Mas, por mais que lute por amar Susan -e está ligado a ela por laços muito fortes-, ele não tem a capacidade de amar. Força Susan a continuar a carreira que, devido a sua falta de talento, se torna um pesadelo para ela. Tentativa de suicídio de Susan. Kane cede e passa a devotar-se aos planos grandiosos de construir o maior e mais luxuoso castelo que qualquer cidadão jamais teve; o maior zoológico particular desde os tempos de Noé -100 mil árvores, 20 mil toneladas de mármore foram usadas. Sua coleção de estátuas, que se torna mais e mais maníaca à medida que o tempo passa.
Nesse castelo mantém a pobre Susan, que, apesar de ter desejado um castelo, está infeliz e solitária, embora seja uma excelente anfitriã. Ela não se dá conta de que, embora pareça pensar que sim, na verdade não está buscando entretenimento, prazeres de Nova York e assim por diante, mas está faminta de amor. Ela subitamente reconhece isso por meio de uma expressão usada por ele que mostra a ela que não há nada nele a não ser egoísmo; que ele não tem nenhum amor para dar e que ele faz com que as pessoas se liguem a ele só para que elas o amem.

Túmulo da mãe
As conexões de amor pelos objetos internos podem ser egoísmo em relação aos objetos externos, se prevalecerem os mecanismos maníacos de controle etc. Susan abandona Kane. A reação à partida dela é o "rosebud". O único objeto que ele preserva do quarto dela, que ele apanha, de modo obviamente inconsciente das razões pelas quais o está fazendo, das motivações que o fizeram escolhê-lo e guardá-lo.
As únicas referências à mãe dele ocorrem quando ele vem a conhecer e gostar de Susan: ele teria feito uma viagem para visitar o túmulo de sua mãe e o lugar onde ela morava e onde ele morou em sua infância. Alguém no filme, penso que um de seus dois amigos, afirma que ele (Kane) ama a própria mãe.

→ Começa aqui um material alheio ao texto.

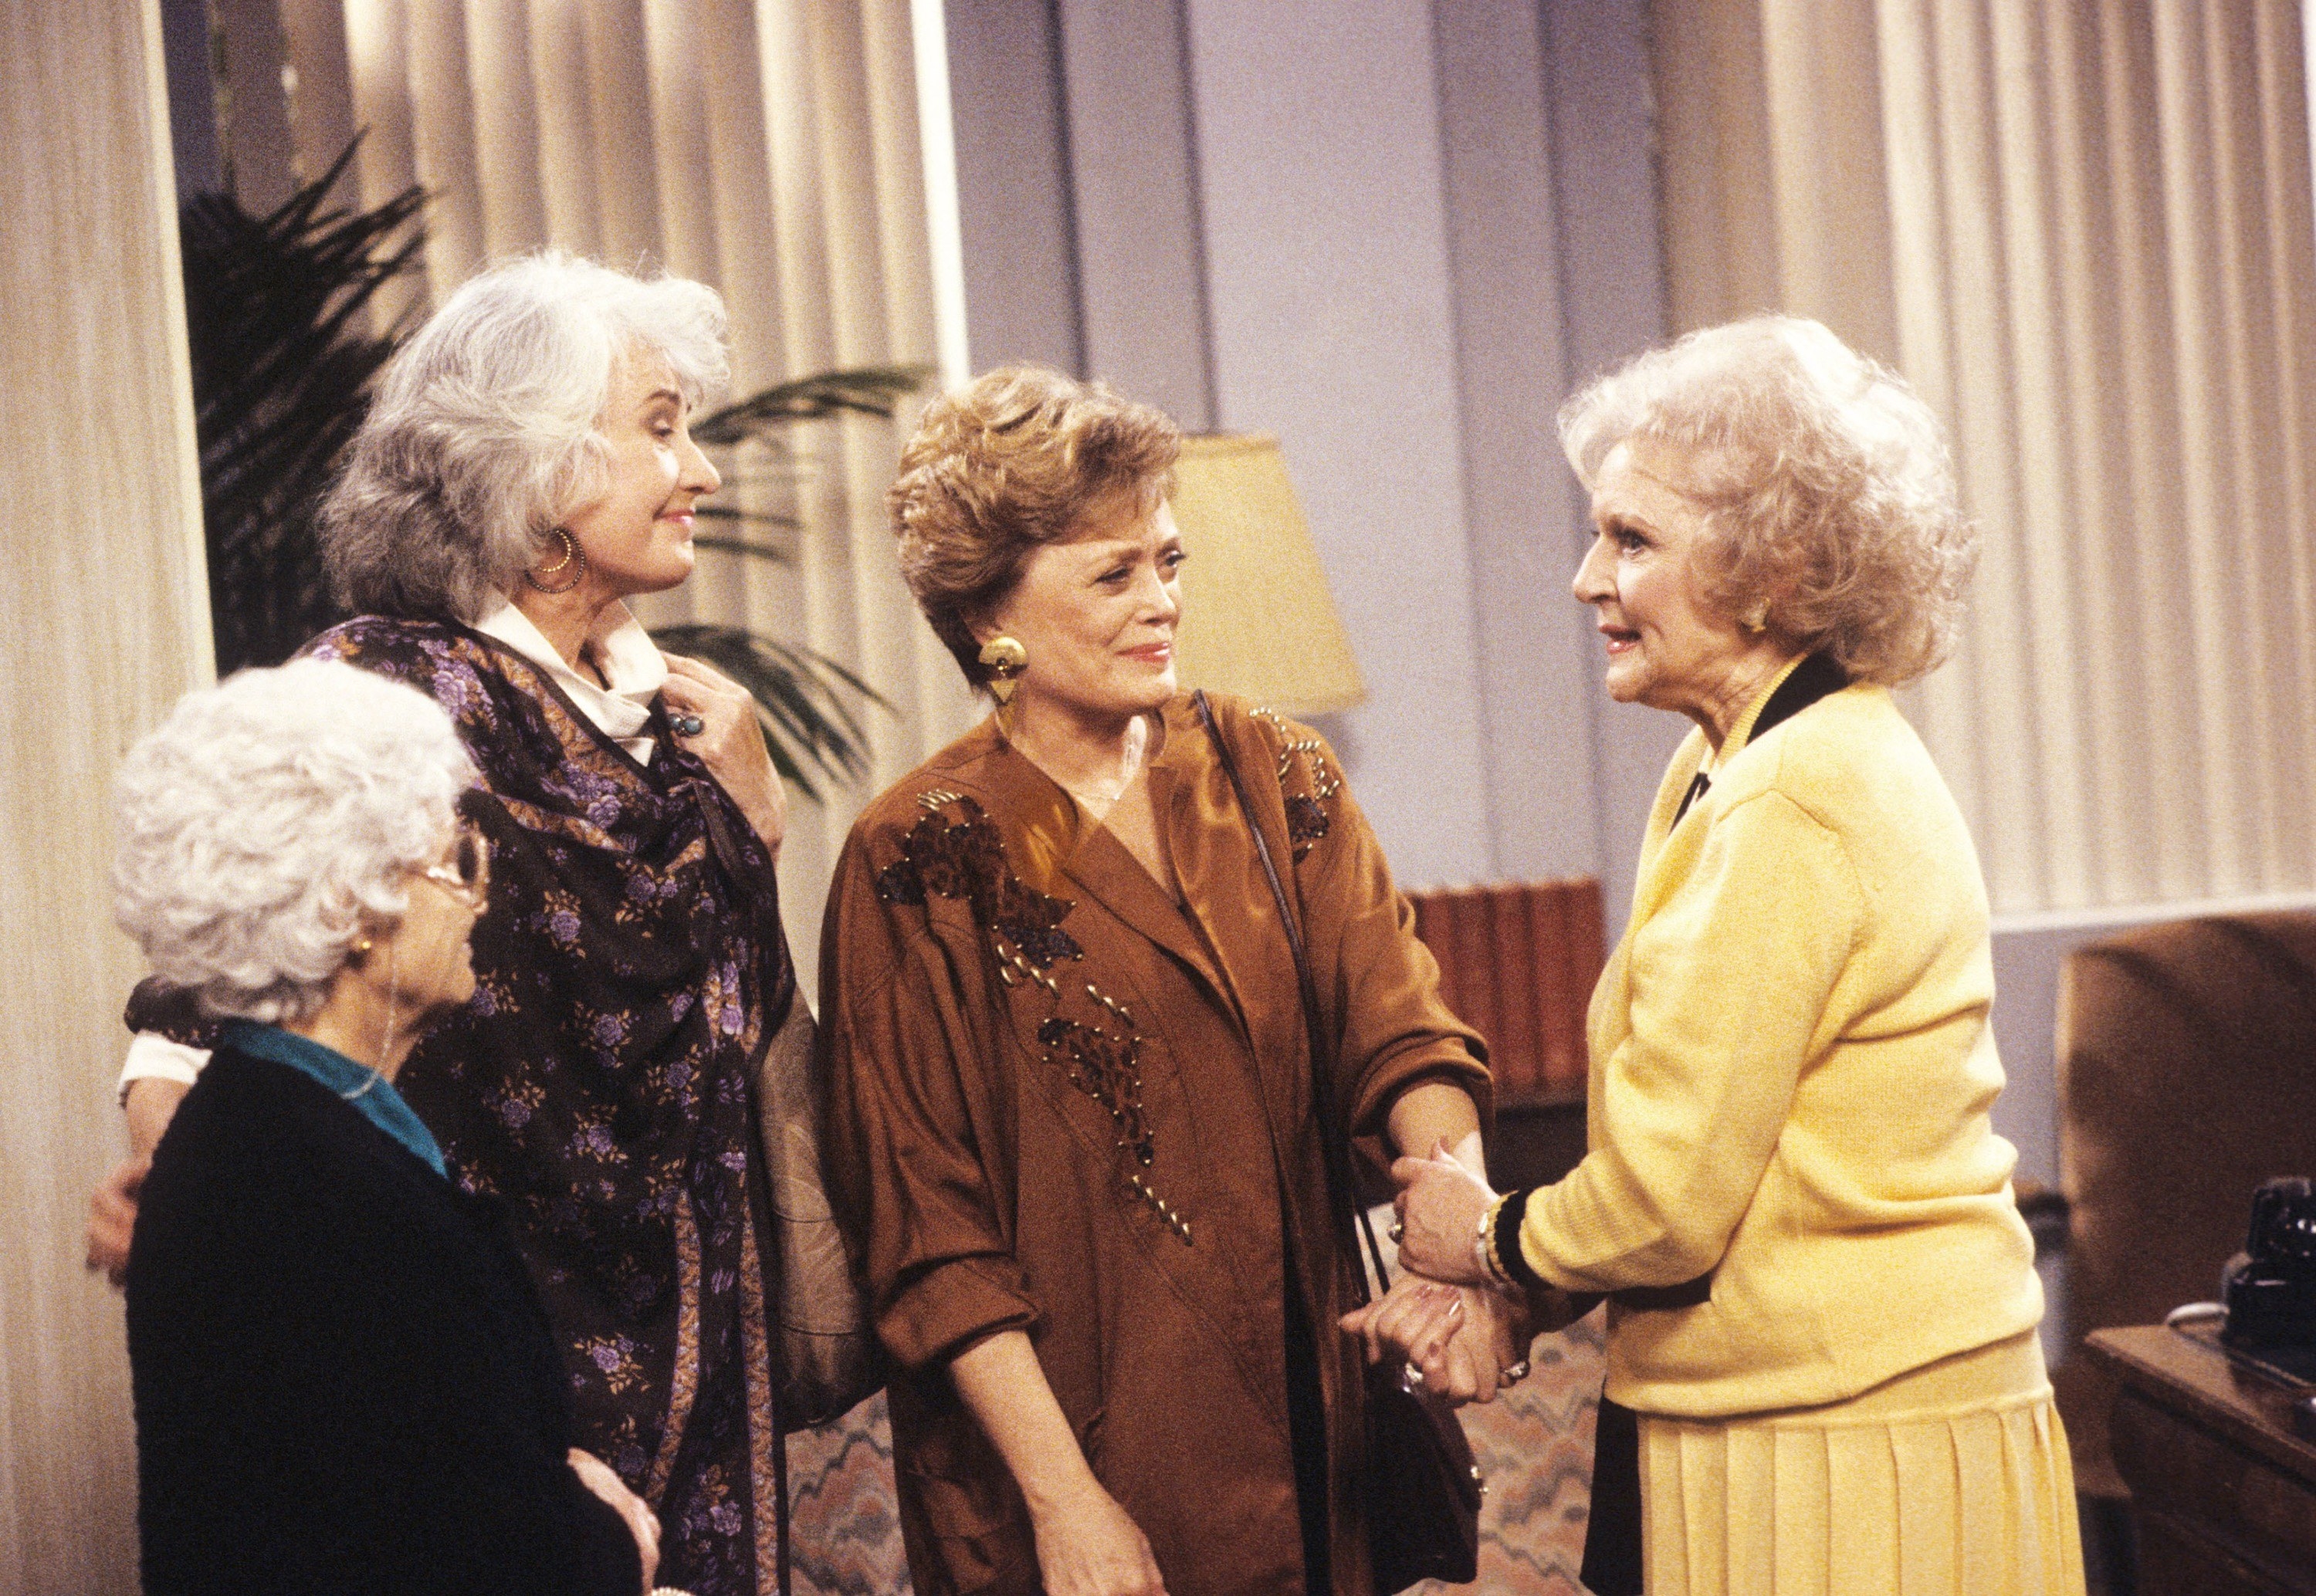 The four golden girls smiling at each other

Cumpre considerar as razões do seu "egoísmo". A incapacidade dele de vincular-se à mulher amada em razão de seu medo de perder. E também a vida de família de seus pais, que ficou destruída quando mandaram-no embora. O pai dele não podia cuidar de um filho. Kane destrói o relacionamento de seu filho quando permite que sua mulher se divorcie dele. Novamente aparece o egoísmo com relação às pessoas de fora, enquanto o medo de morte interna do "rosebud" nele mesmo aumenta à medida que progride a sua vida.
Há um interjogo entre a sua incapacidade para amar as pessoas e para mantê-las e o medo da morte dentro dele e das pessoas amadas dentro dele. Sua coleção de estátuas, predominantemente de mulheres, aumentando como um expediente para revitalizar mais e cada vez mais, assumindo a natureza de objetos inanimados e artificiais.
Até mesmo "rosebud" é um objeto inanimado -um globo de vidro contendo um botão de rosa artificial. Quanto maior a incapacidade de manter as coisas vivas dentro dele e a incapacidade para um contato real com pessoas mais aumenta, tanto mais forte fica, a sua tendência para controlar e ter poder -que são os mecanismos maníacos [ao discorrer sobre o crescente medo da morte das pessoas amadas dentro dele: características -enorme hall no qual a pobre Susan se entretém com seus quebra-cabeças, e Kane sentado do outro lado, conversa com ela a uma distância de onde mal conseguem escutar-se nitidamente. A comunicação entre ele e seus objetos é interrompida -o hall dá a impressão de um mausoléu. Nesse momento, a ruptura com Susan acontece, provocada por ele, pois ele não consegue mais sustentar a luta].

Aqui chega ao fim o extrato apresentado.